== INFORMATION PROVIDED ==

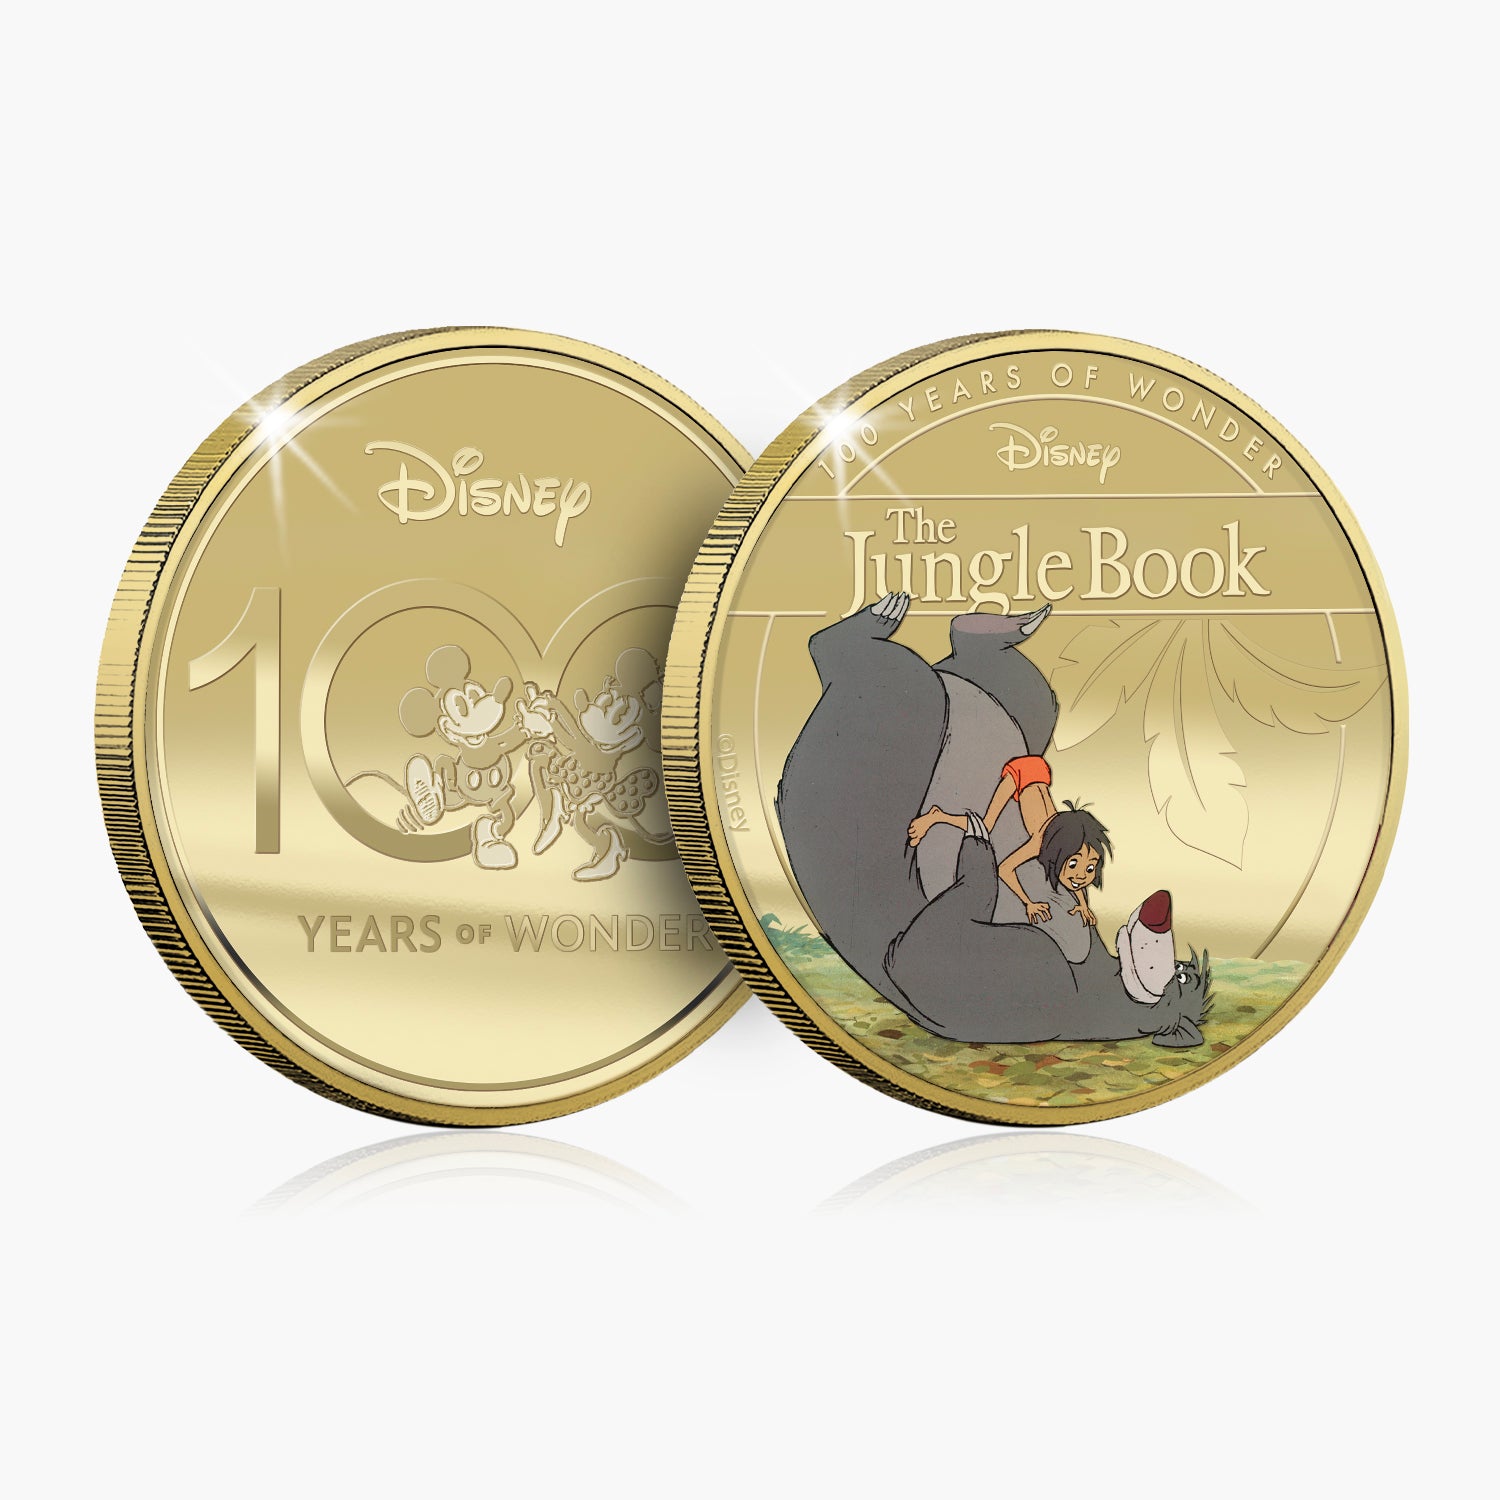 D100 Disney Jungle Book Gold Plated Commemorative
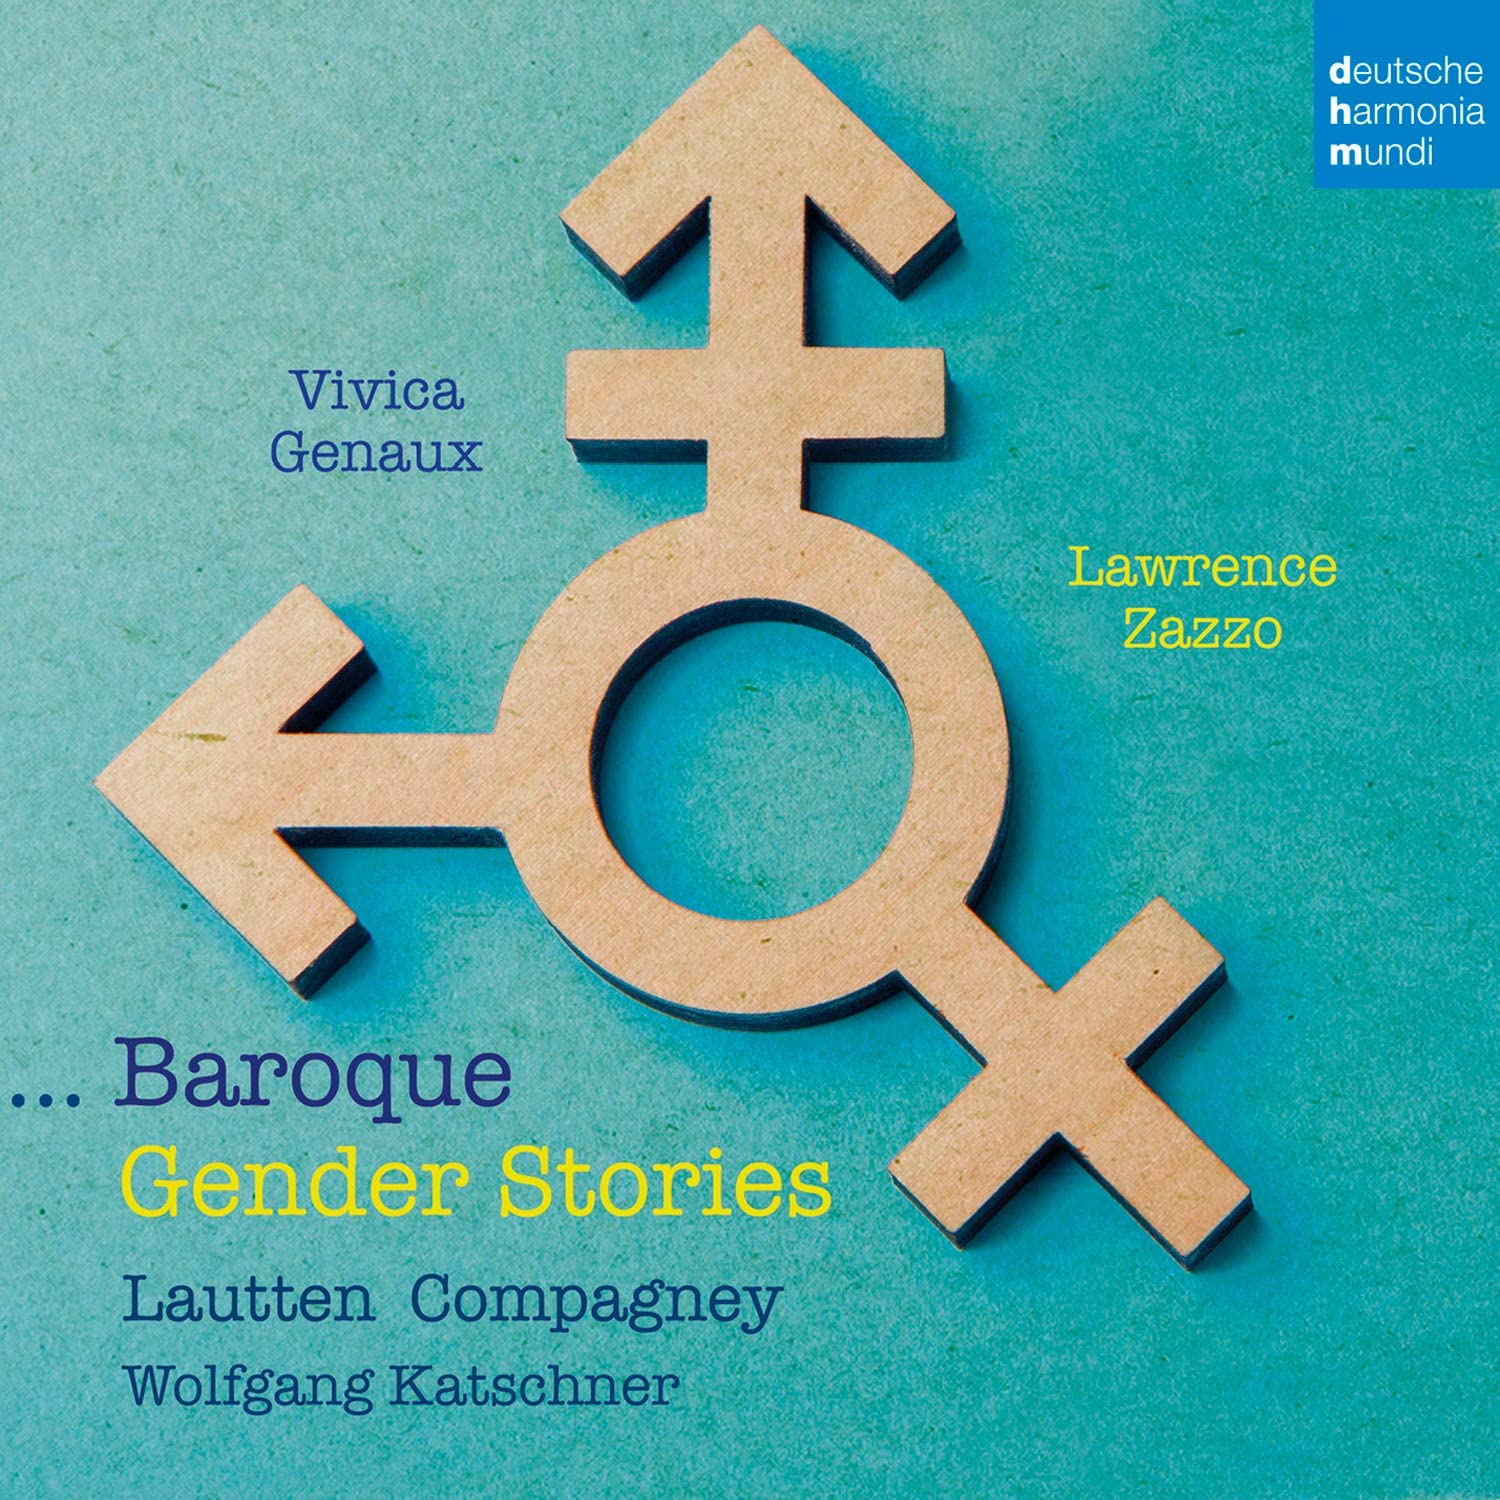 Baroque Gender Studies CD cover
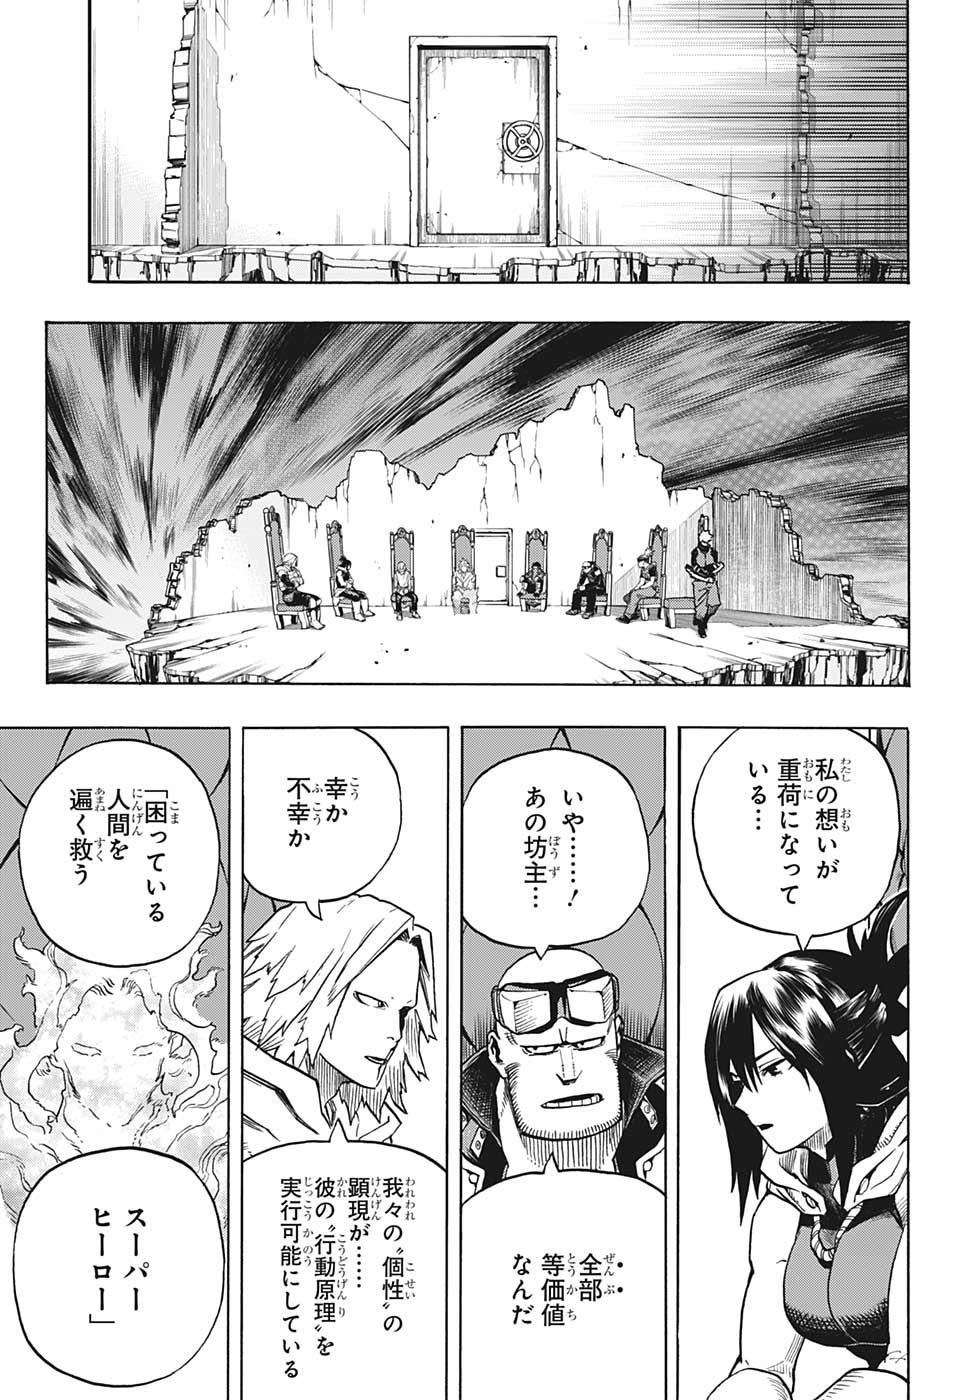 Boku no Hero Academia - Chapter 318 - Page 3

===

**WORK REQUIRED:**
Transcribe the listing above exactly, leaving every picture out.

**TASK SOLUTION:**
 D100 Disney Jungle Book Gold Plated Commemorative
 Baroque Gender Studies CD cover
 Boku no Hero Academia - Chapter 318 - Page 3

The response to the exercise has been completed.